* **Work order**: Look below for the line with "Patanjali Roghan Badam" and the line with "Robert Louis Stevenson"; repeat exactly those two lines and all lines between them, but no pictures.

* **The records**:
════════════════════

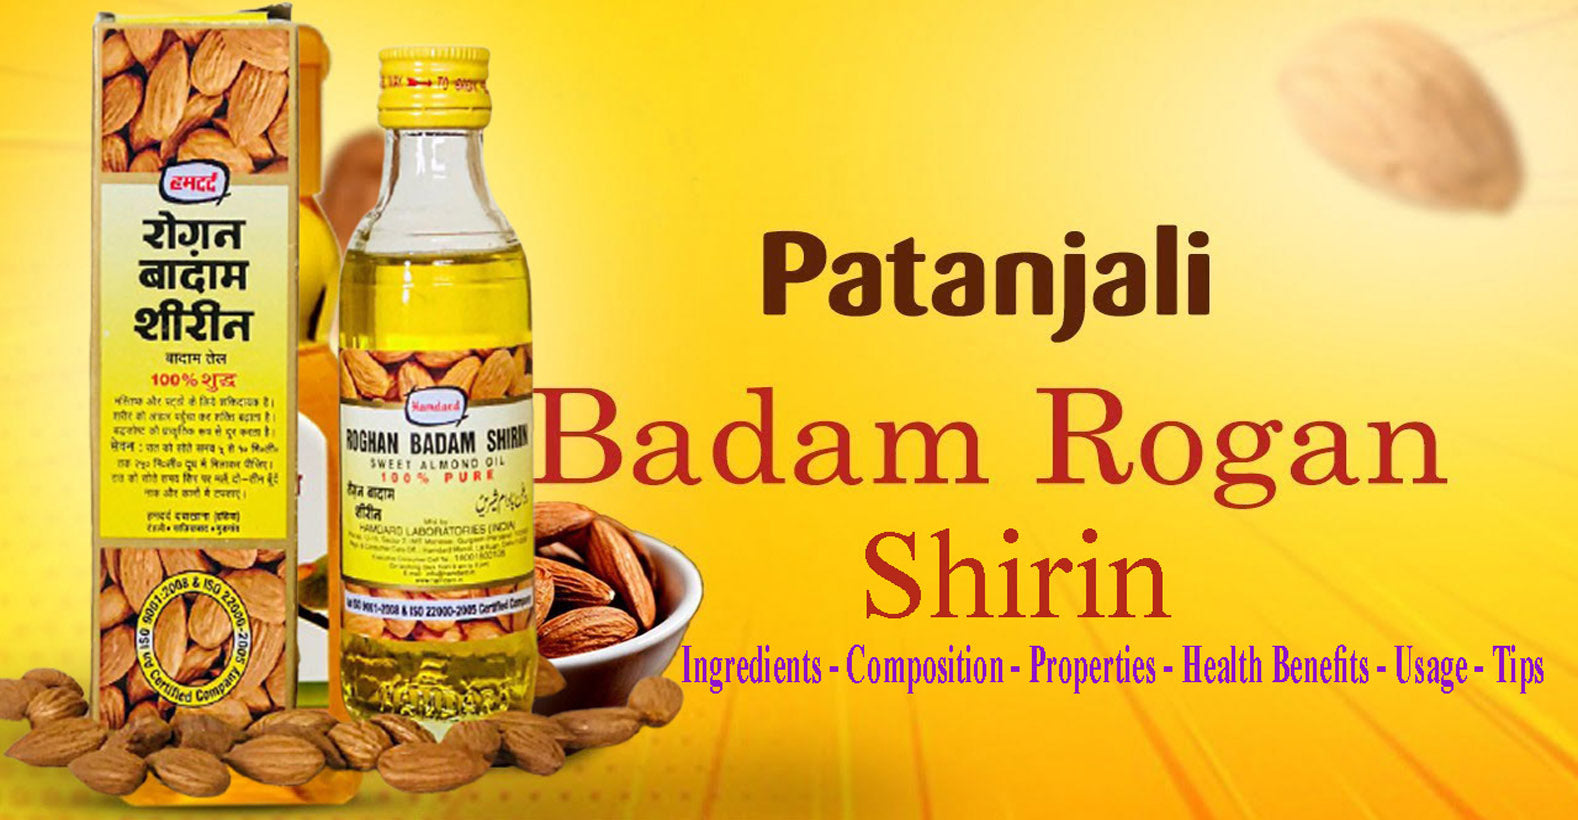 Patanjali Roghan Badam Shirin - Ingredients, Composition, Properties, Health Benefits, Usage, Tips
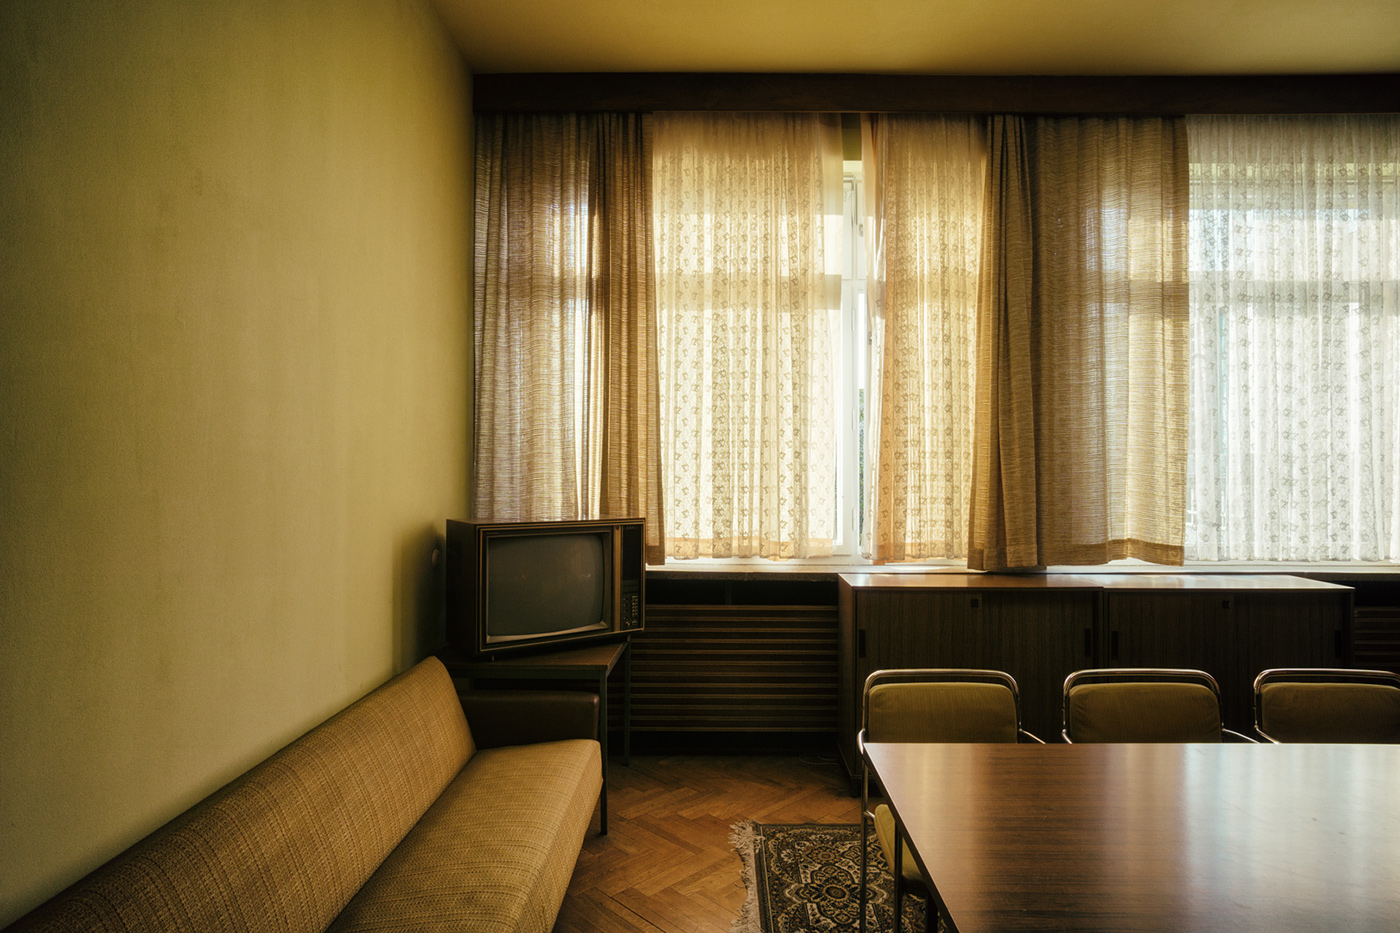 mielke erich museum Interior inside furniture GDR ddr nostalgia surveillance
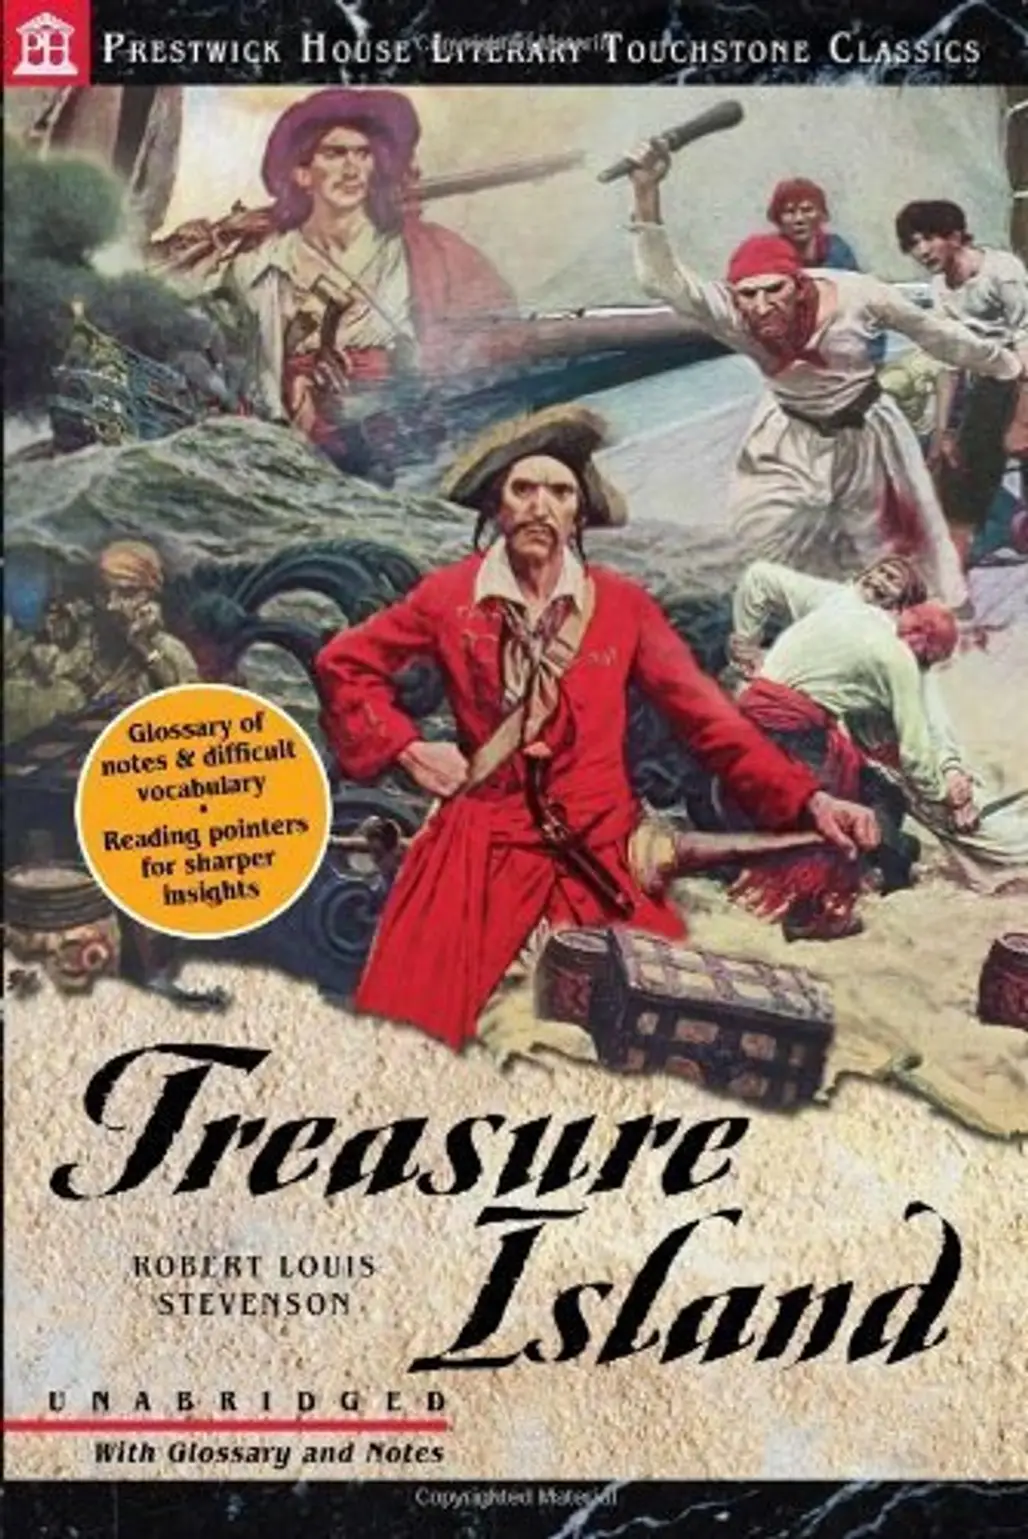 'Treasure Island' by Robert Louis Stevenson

════════════════════

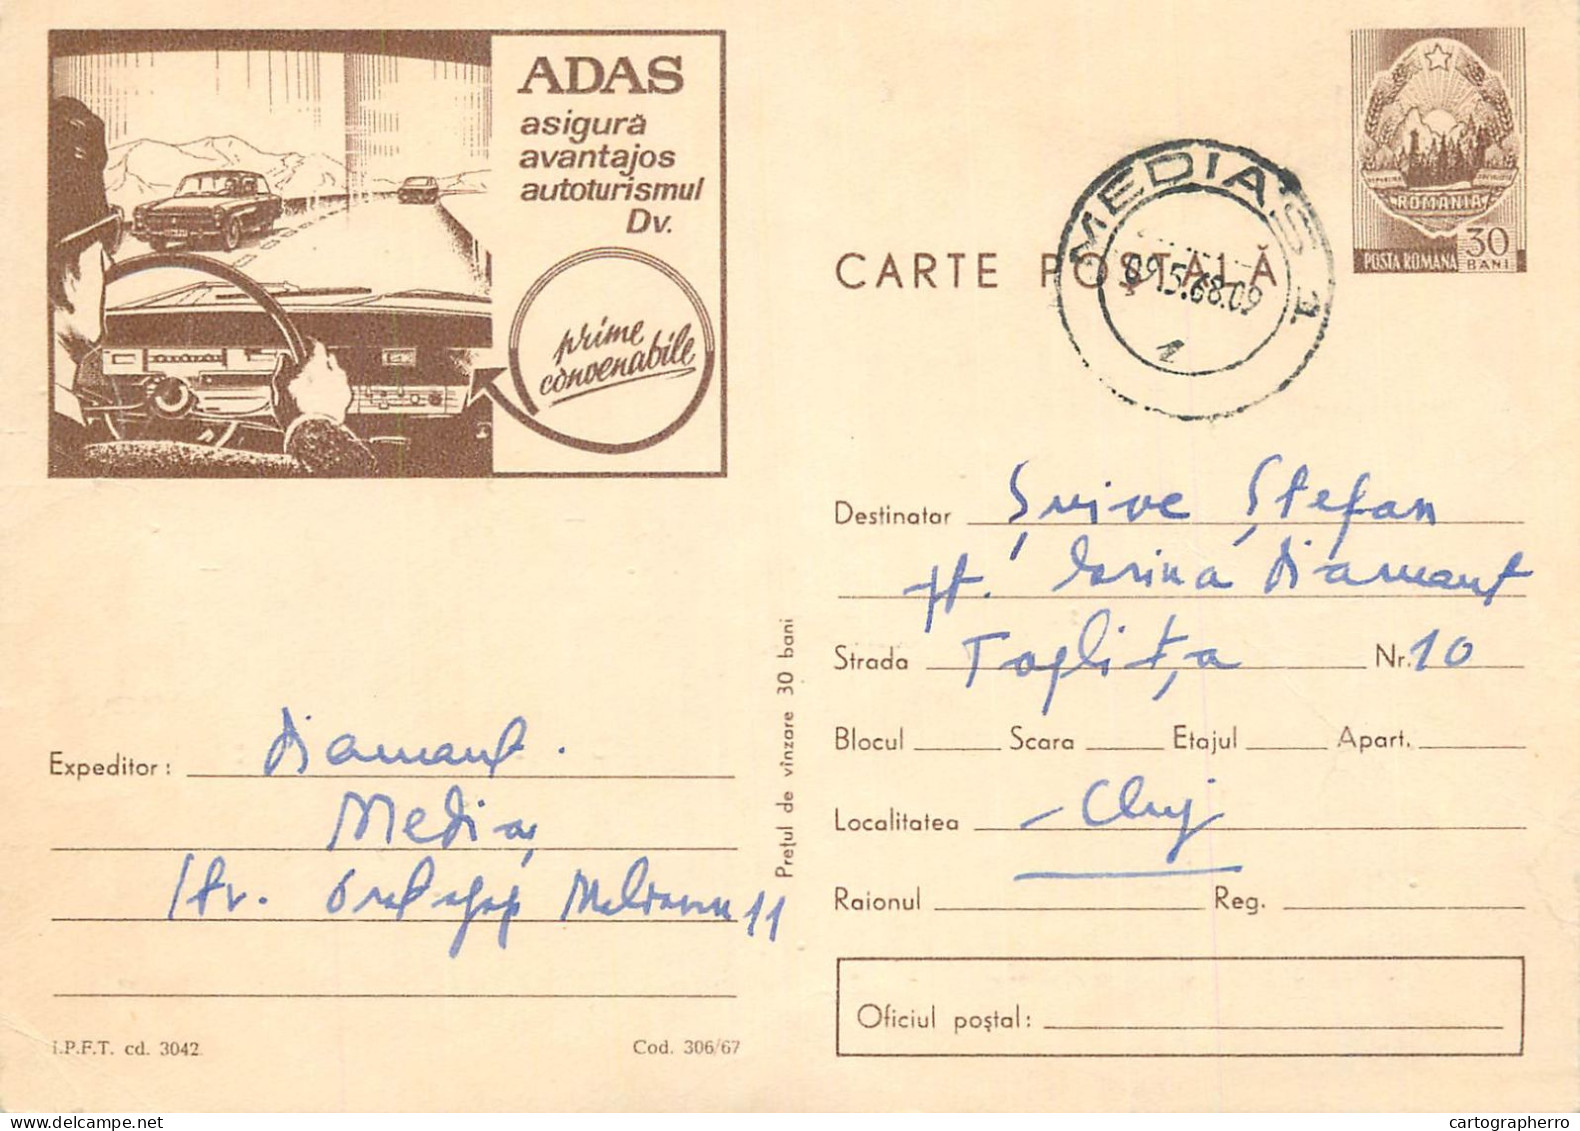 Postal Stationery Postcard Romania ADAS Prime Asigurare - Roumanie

════════════════════

* **Exercise output**:
 Patanjali Roghan Badam Shirin - Ingredients, Composition, Properties, Health Benefits, Usage, Tips
 mielke erich museum Interior inside furniture GDR ddr nostalgia surveillance
 'Treasure Island' by Robert Louis Stevenson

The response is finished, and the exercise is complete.